§ Task item: Before printing the listing, strip out its pictures and keep everything else exact.

§ Data block:
+ + +
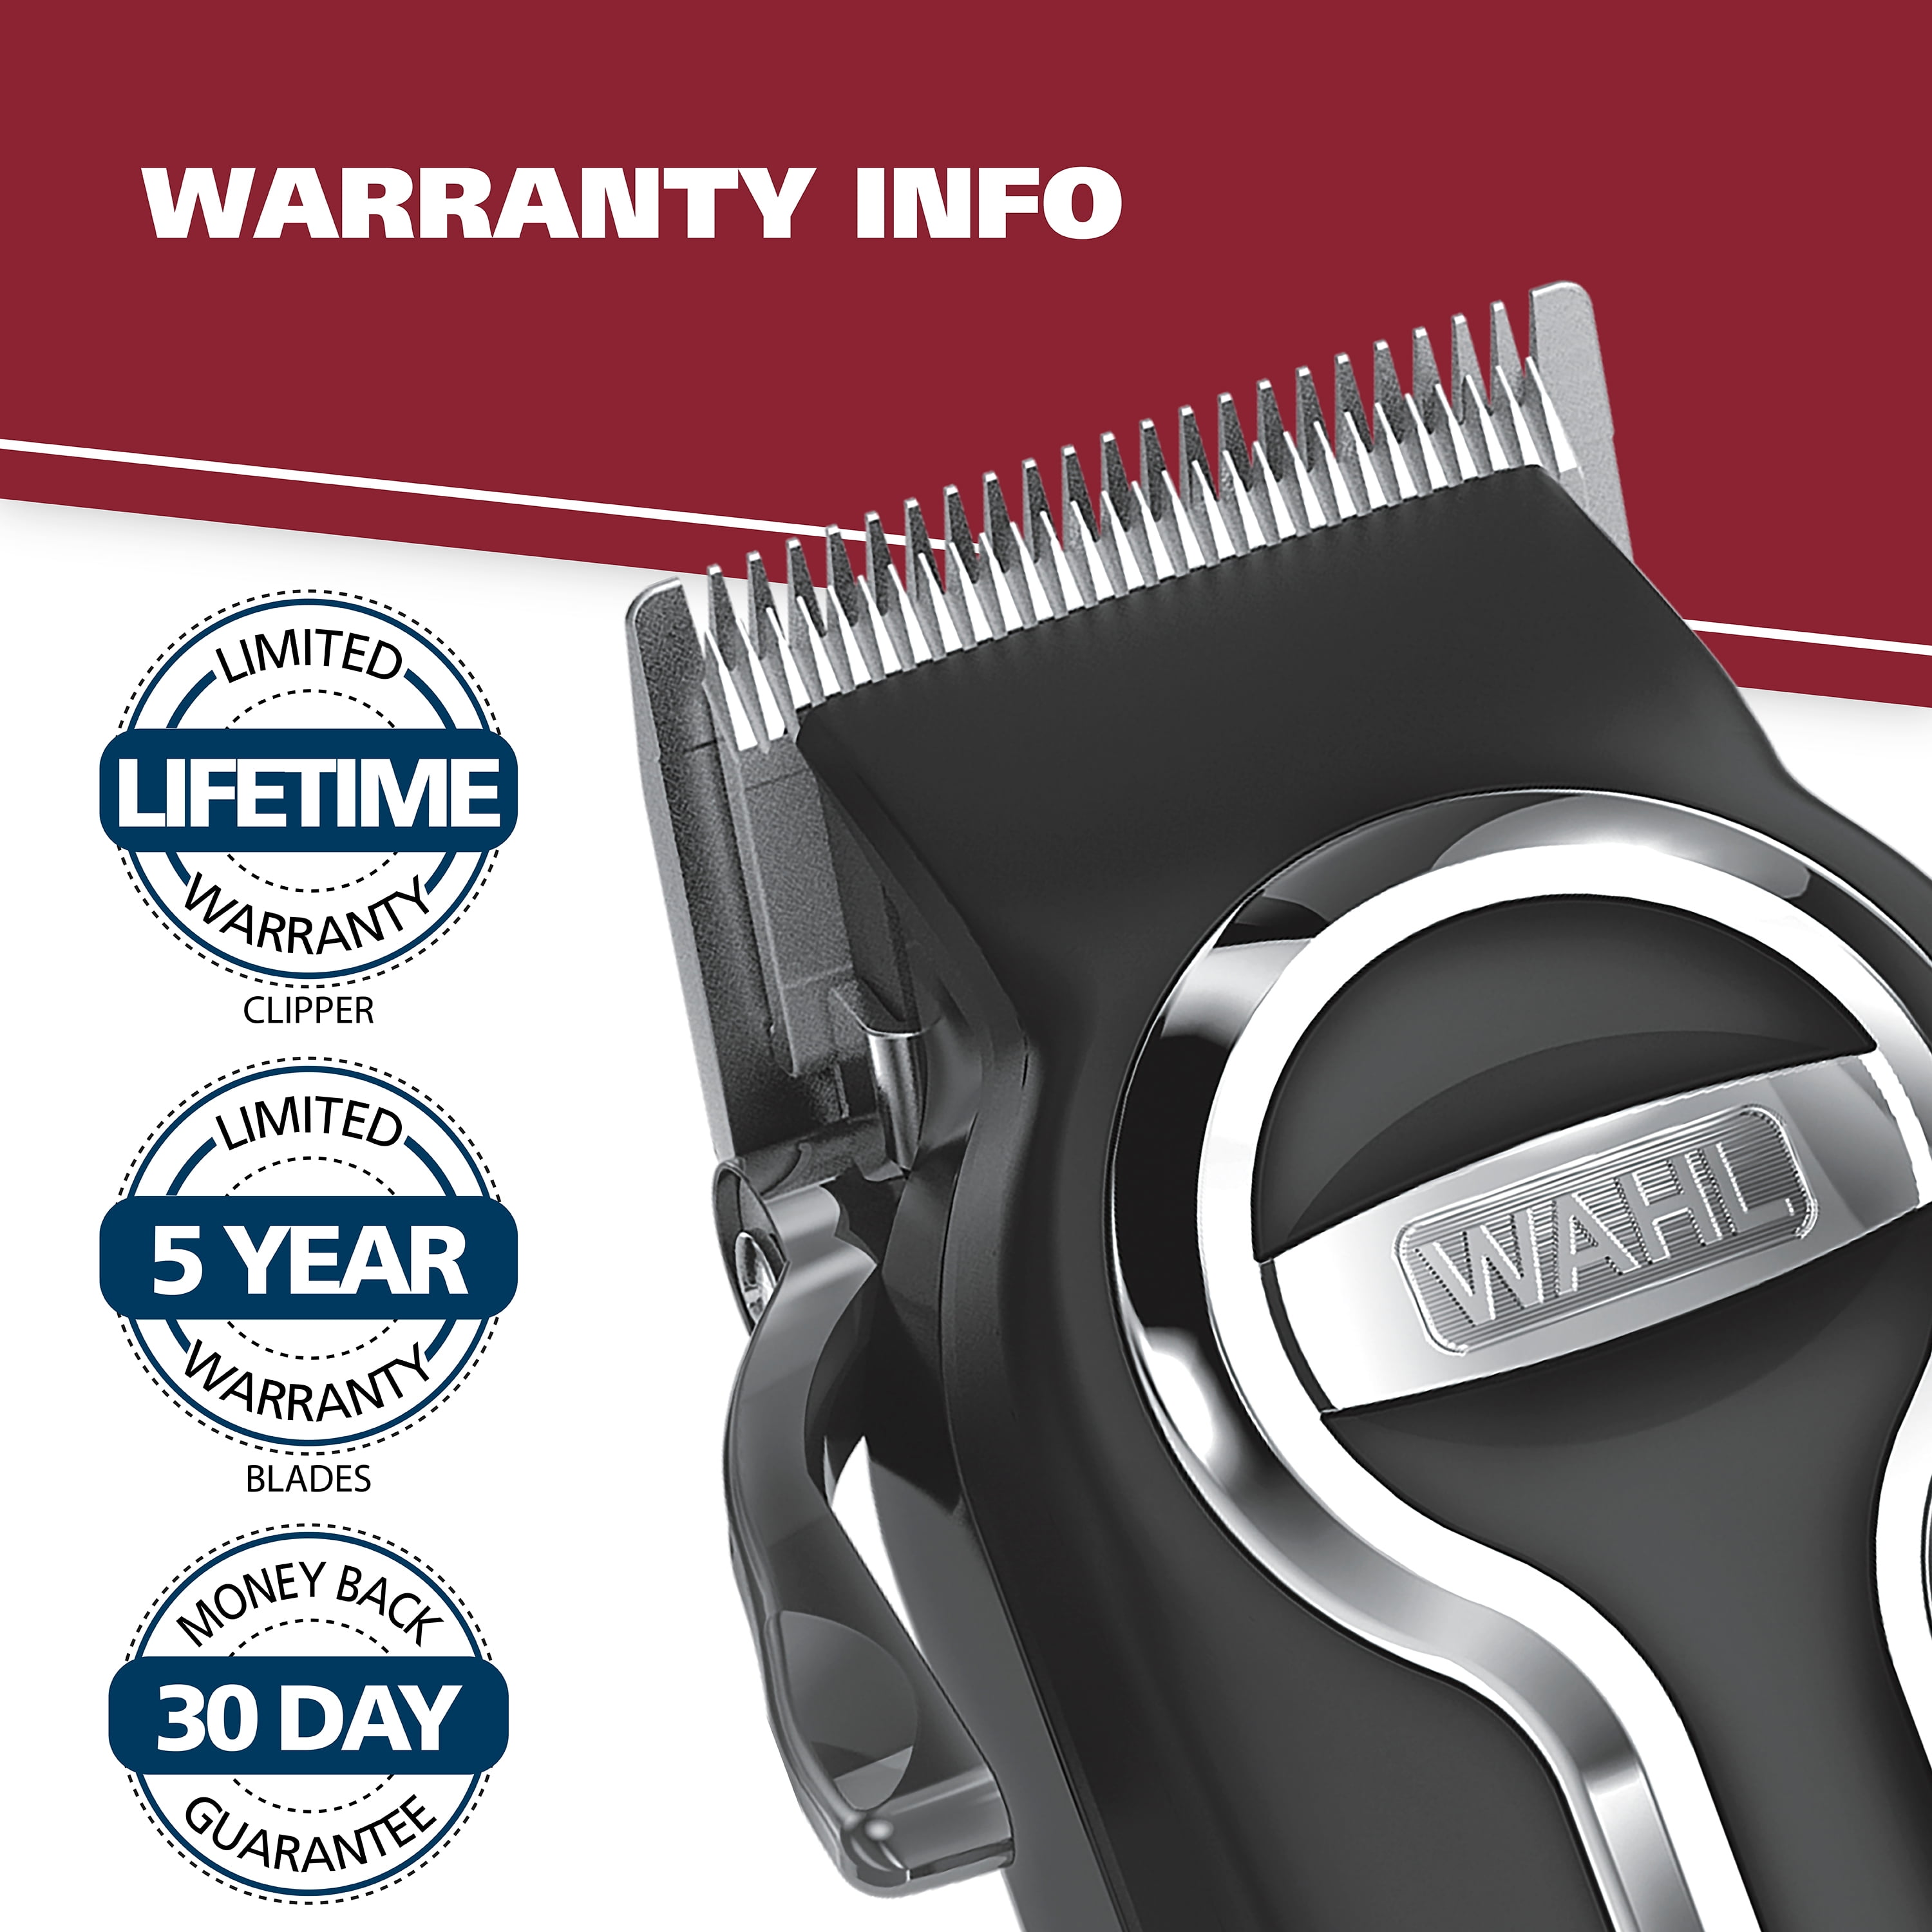 wahl clipper elite pro high performance haircutting kit 79734
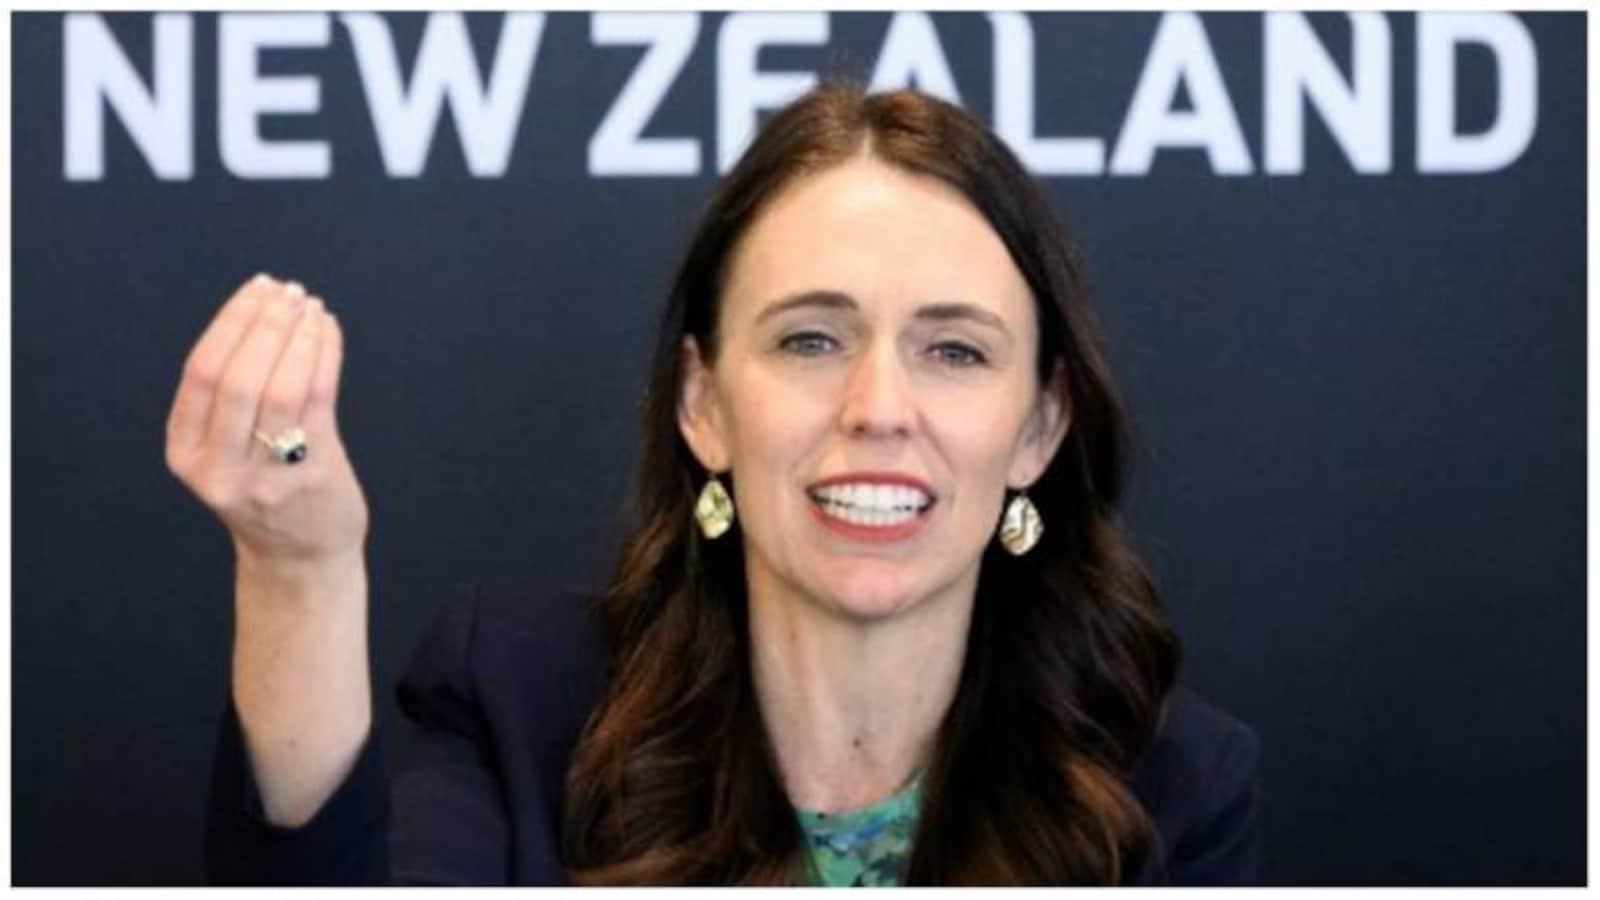 New Zealand Prime Minister Jacinda Ardern says she will step down next month
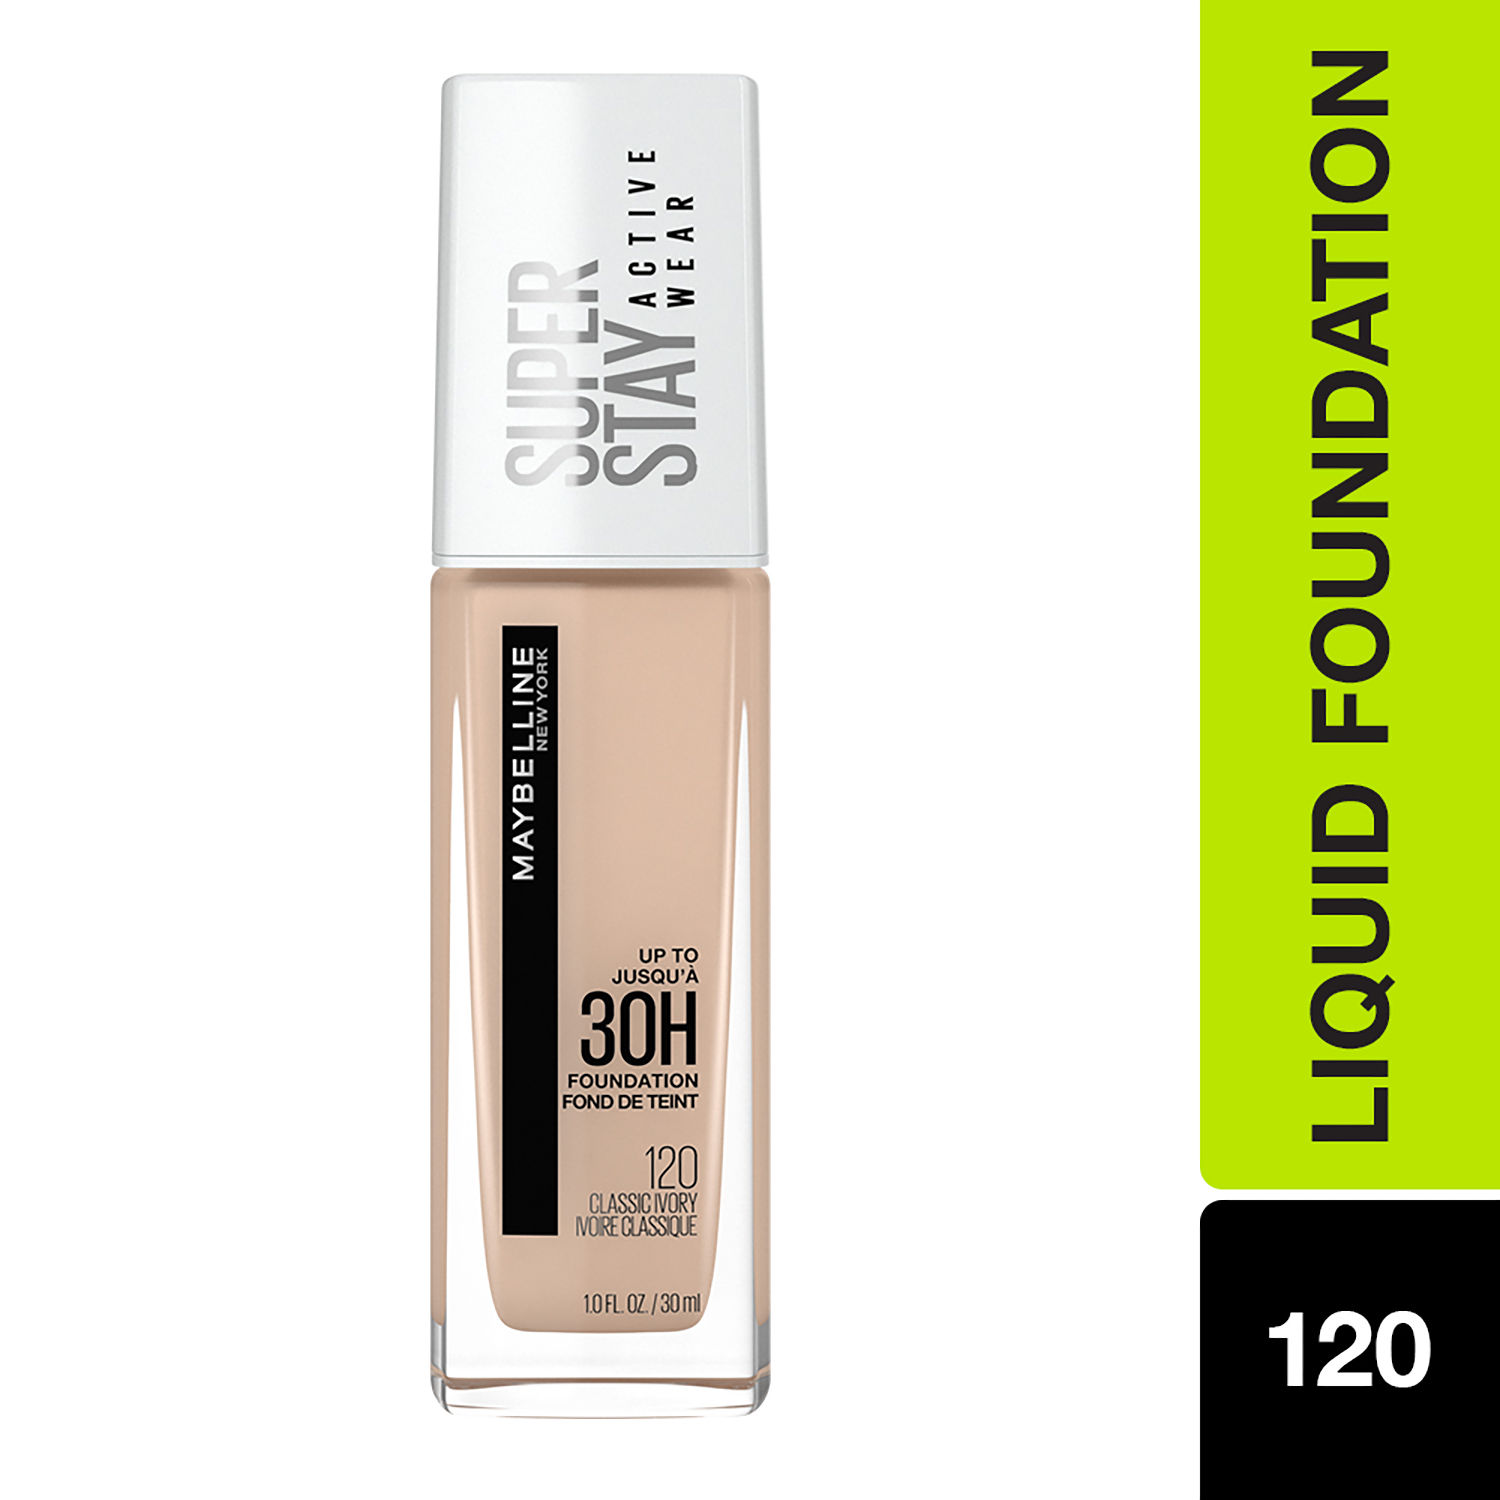 Matte Coverage Wear, HR Ivory, Classic Proof, 30ml Wear 120, Super New Full Stay Foundation, Liquid with York Active Maybelline 30 Finish Transfer
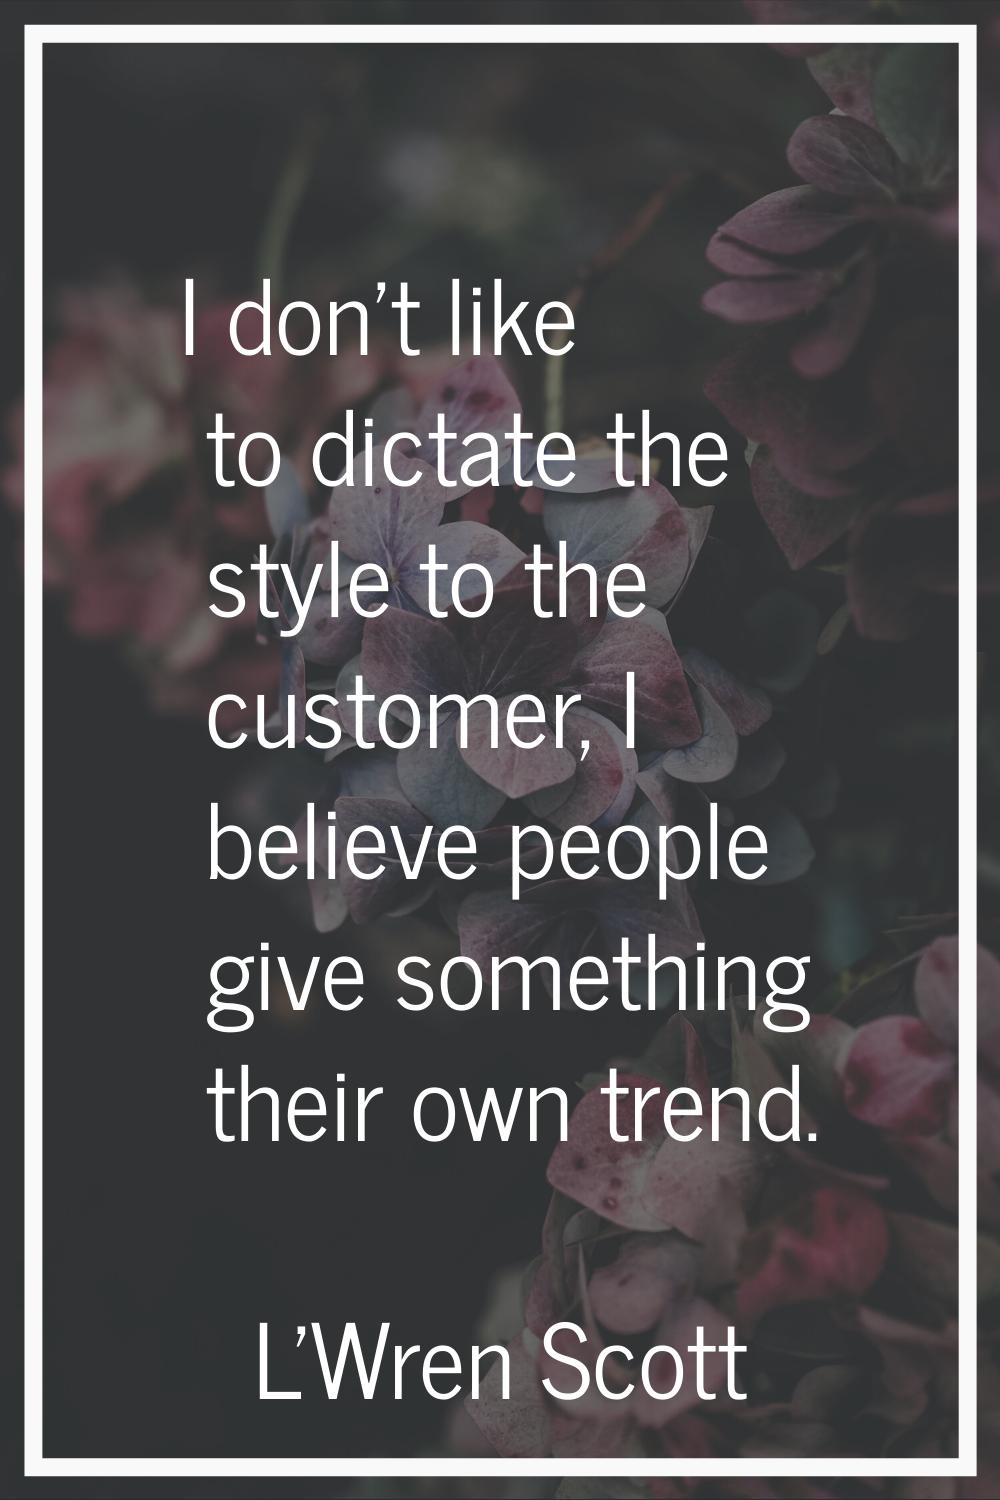 I don't like to dictate the style to the customer, I believe people give something their own trend.
+ + +
§ Response to the exercise:
 wahl clipper elite pro high performance haircutting kit 79734
 New Zealand Prime Minister Jacinda Ardern says she will step down next month
 Matte Coverage Wear, HR Ivory, Classic Proof, 30ml Wear 120, Super New Full Stay Foundation, Liquid with York Active Maybelline 30 Finish Transfer
 I don't like to dictate the style to the customer, I believe people give something their own trend.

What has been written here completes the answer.